» **Source records**:
================
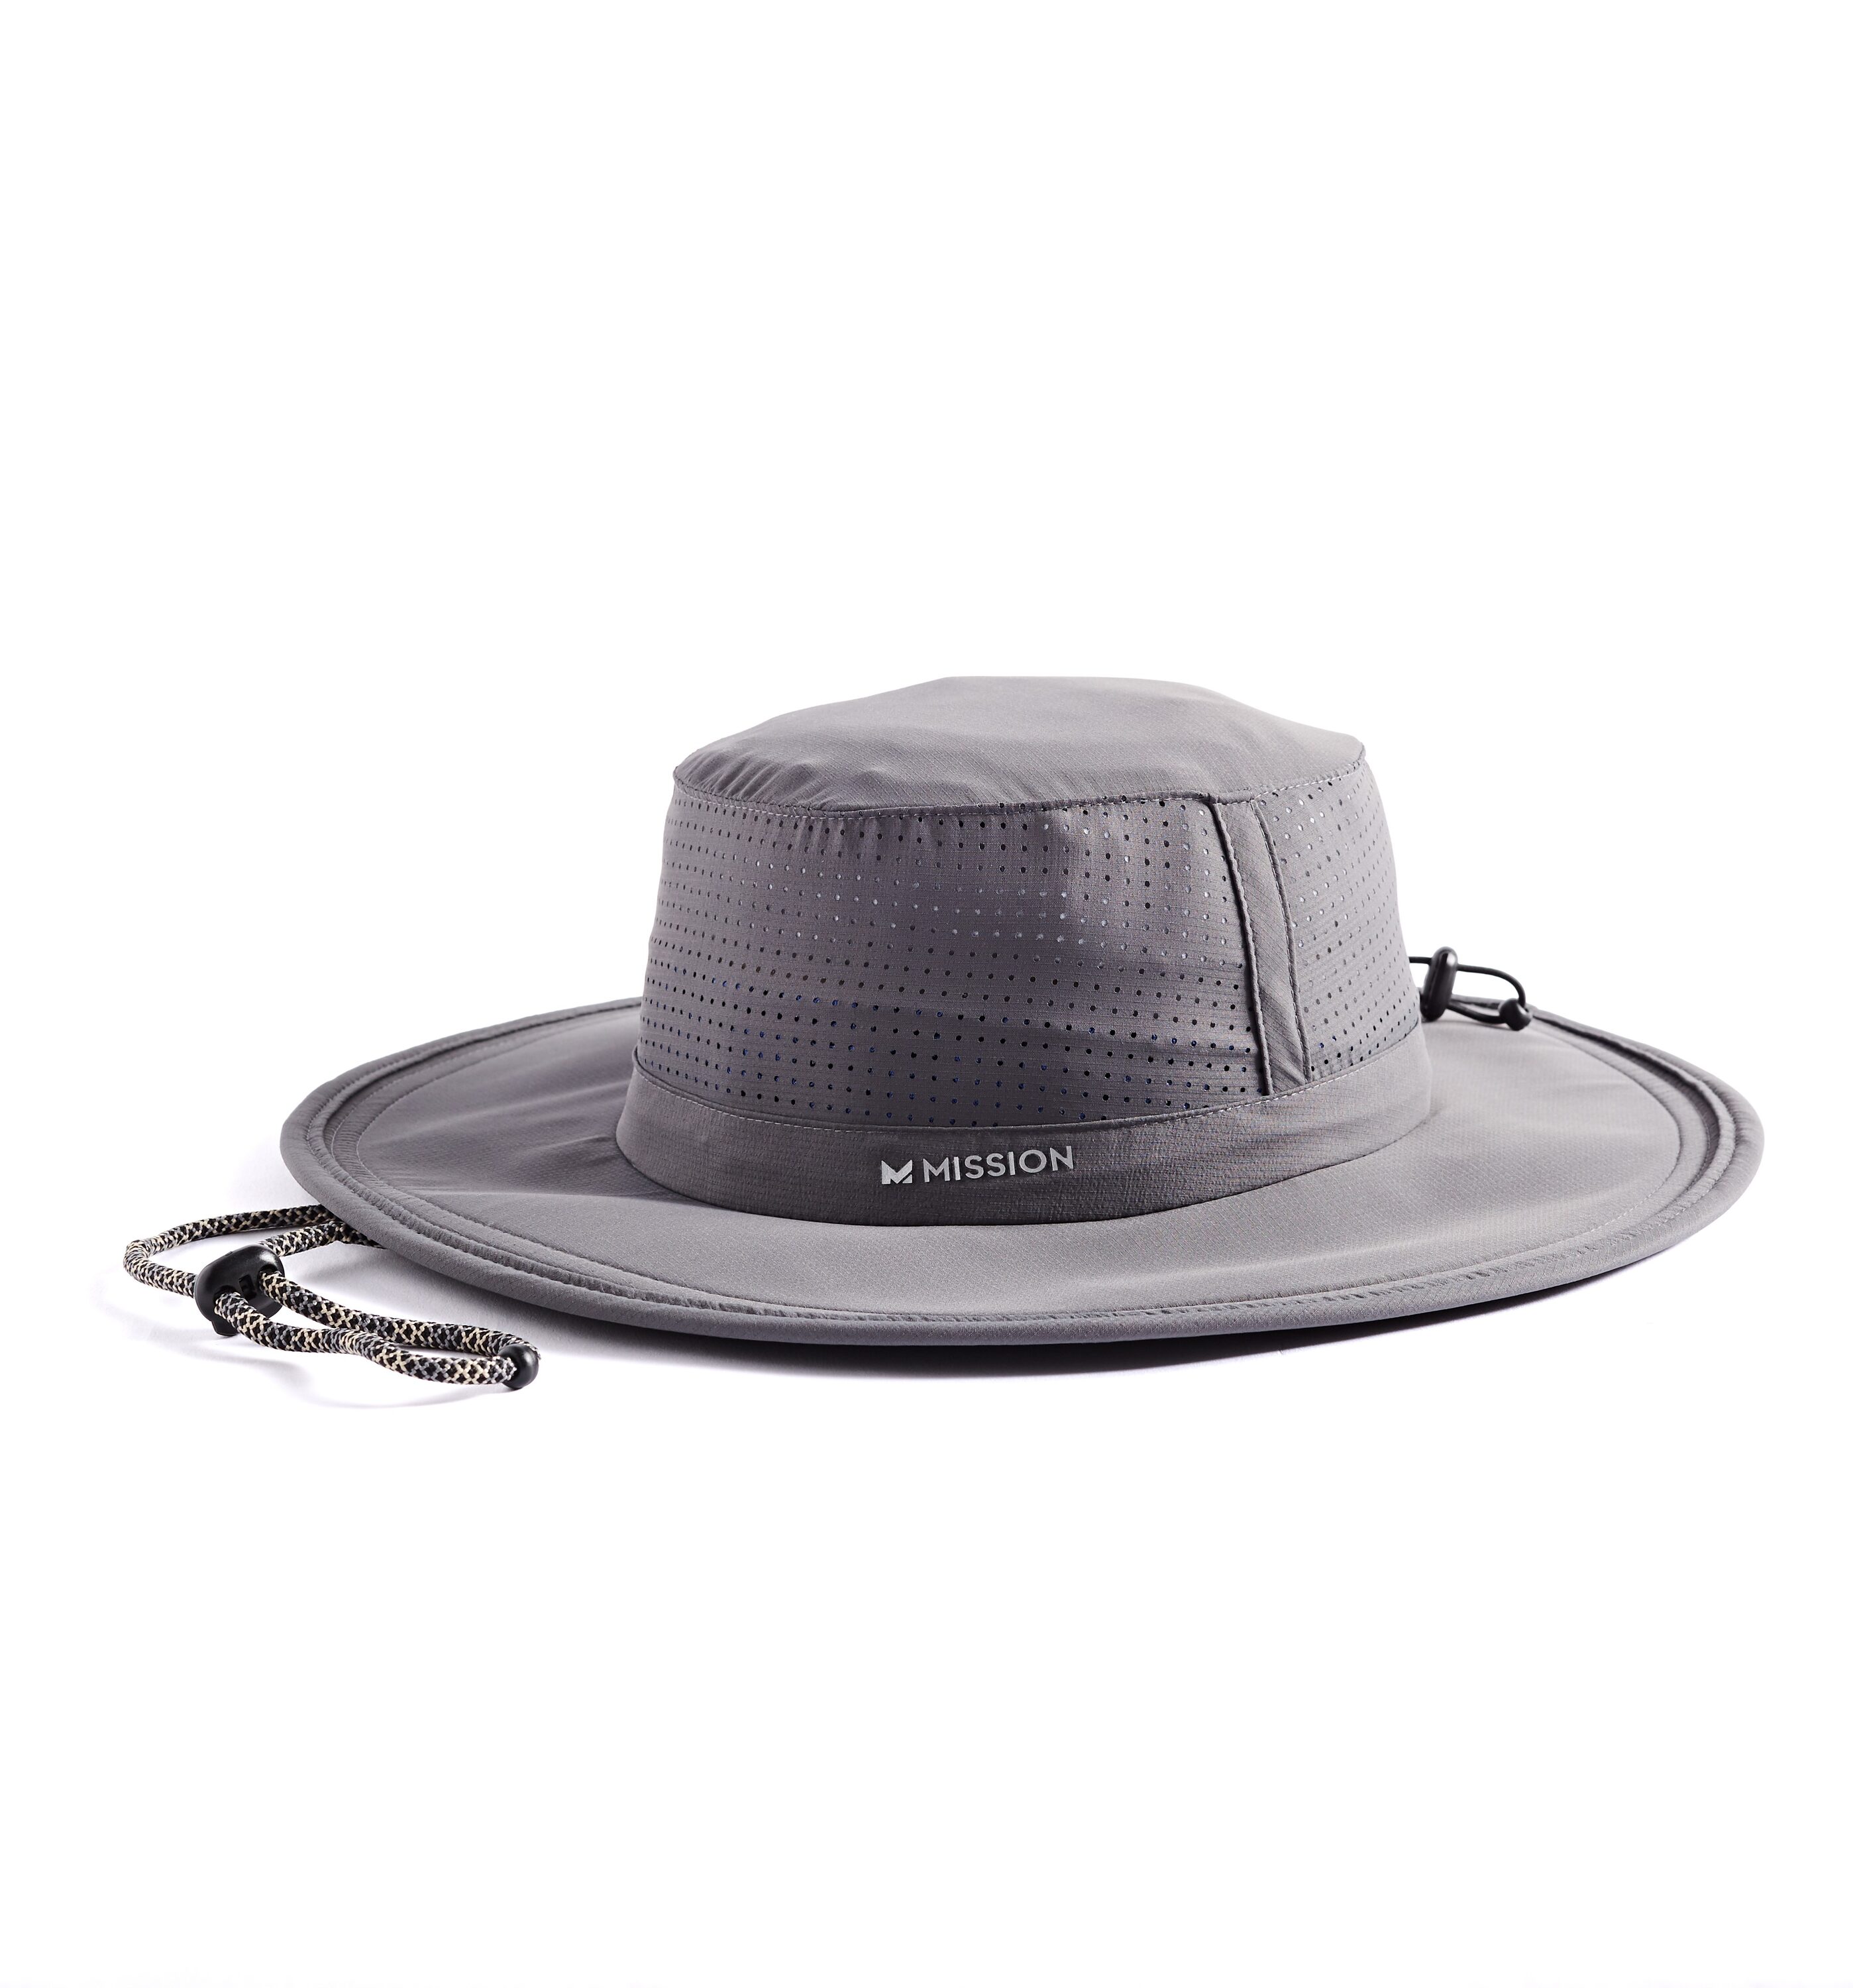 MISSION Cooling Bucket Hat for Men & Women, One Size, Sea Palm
================
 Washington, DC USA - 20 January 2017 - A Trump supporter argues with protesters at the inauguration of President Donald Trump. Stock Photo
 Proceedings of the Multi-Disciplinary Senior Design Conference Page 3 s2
================
» **About this exercise**:
Please, from the entries above, set down exactly the lines from the one containing "Washington, DC USA" through the one containing "Proceedings of the", and only those.

» **Expected answer**:
 Washington, DC USA - 20 January 2017 - A Trump supporter argues with protesters at the inauguration of President Donald Trump. Stock Photo
 Proceedings of the Multi-Disciplinary Senior Design Conference Page 3 s2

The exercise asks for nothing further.